Methods: Each model was prompted with 200 questions from the 2023 FIR and BIR exams, respectively. The analysis evaluated overall accuracy, official exam scoring, and predicted ranking. Subanalyses focused on multimodal image-based questions and clinical cases. Reproducibility was assessed by retesting all questions from both exams using the Cohen Kappa and McNemar tests.

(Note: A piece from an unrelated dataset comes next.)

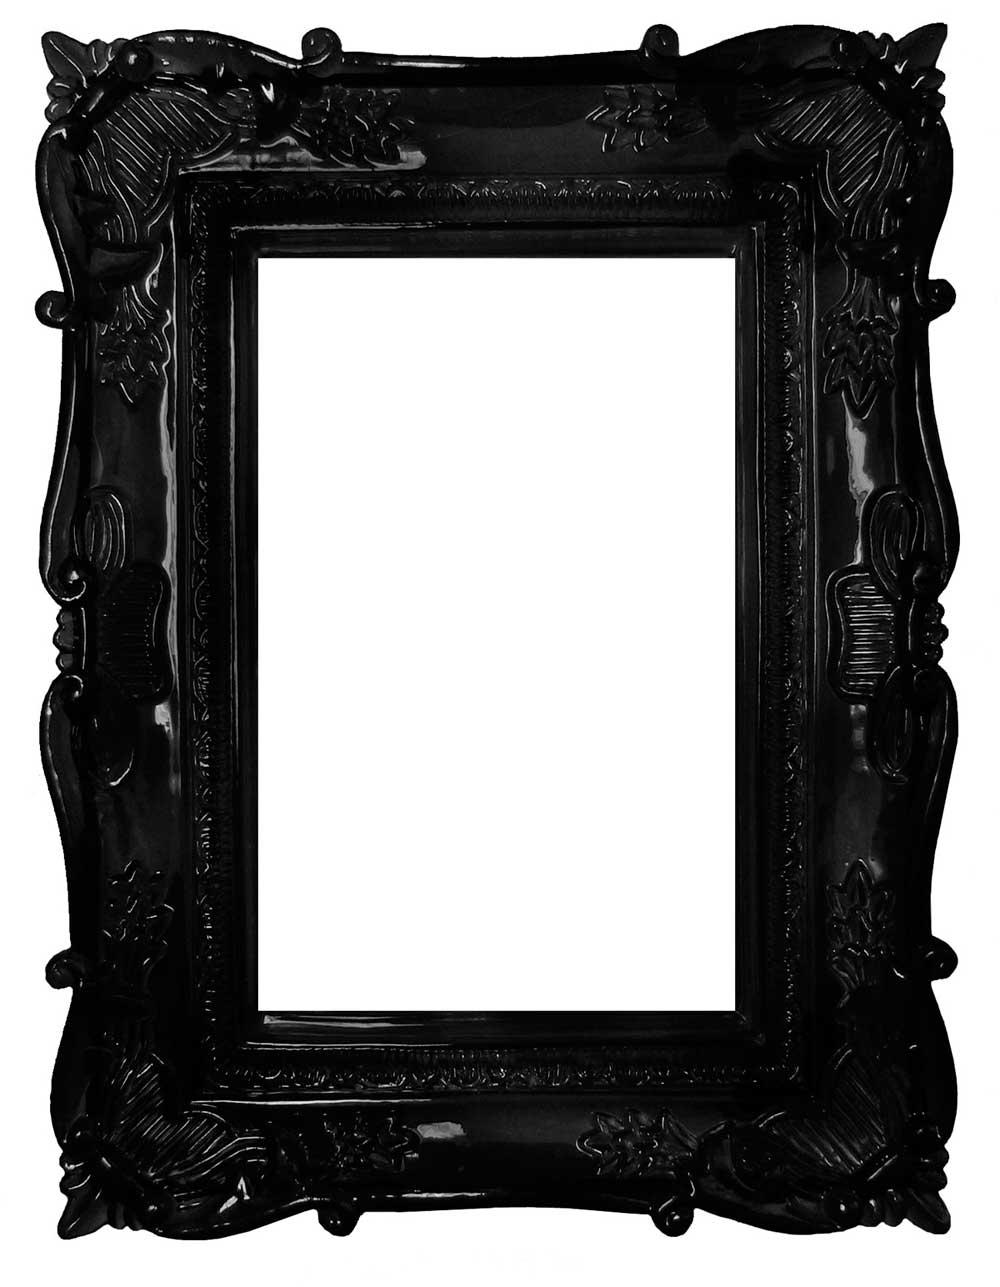 Black poster frames 19 x 27
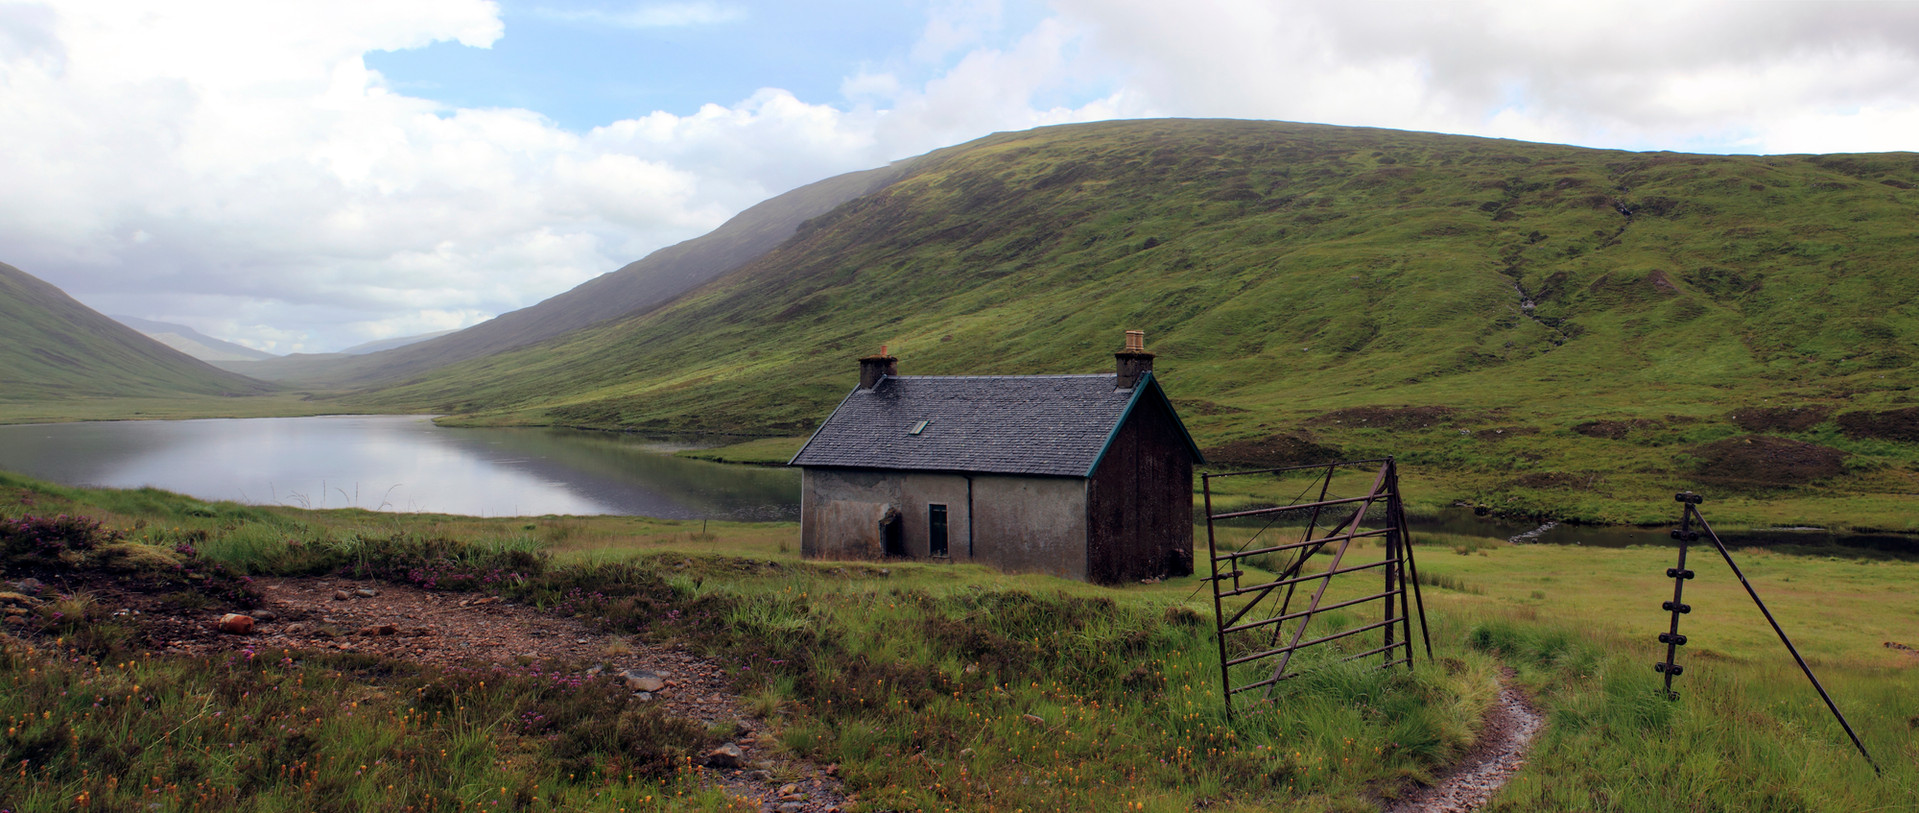 Loch Chiarain Bothy, Central Highlands

Results: After the first attempt, GPT-o1 achieved the highest accuracy (92% on FIR, 97.0% on BIR), securing top positions in both exams. GPT-4o performed exceptionally (87% on FIR, 97.5% on BIR), surpassing all human candidates on BIR and ranking third on FIR. GPT-4o Mini, while strong (80.5% on FIR, 93.0% on BIR), struggled with complex or image-reliant questions. The reproducibility analysis showed GPT-o1's tendency to correct previous mistakes on retesting, while GPT-4o and GPT-4o Mini more consistently repeated initial answers.
Conclusions: These models, particularly GPT-o1, outperformed human examinees, supporting AI integration in exam preparation and clinical training. However, limitations persist in multimodal understanding and specialized subdomains. Human oversight remains essential to ensure reliability in laboratory and clinical practice.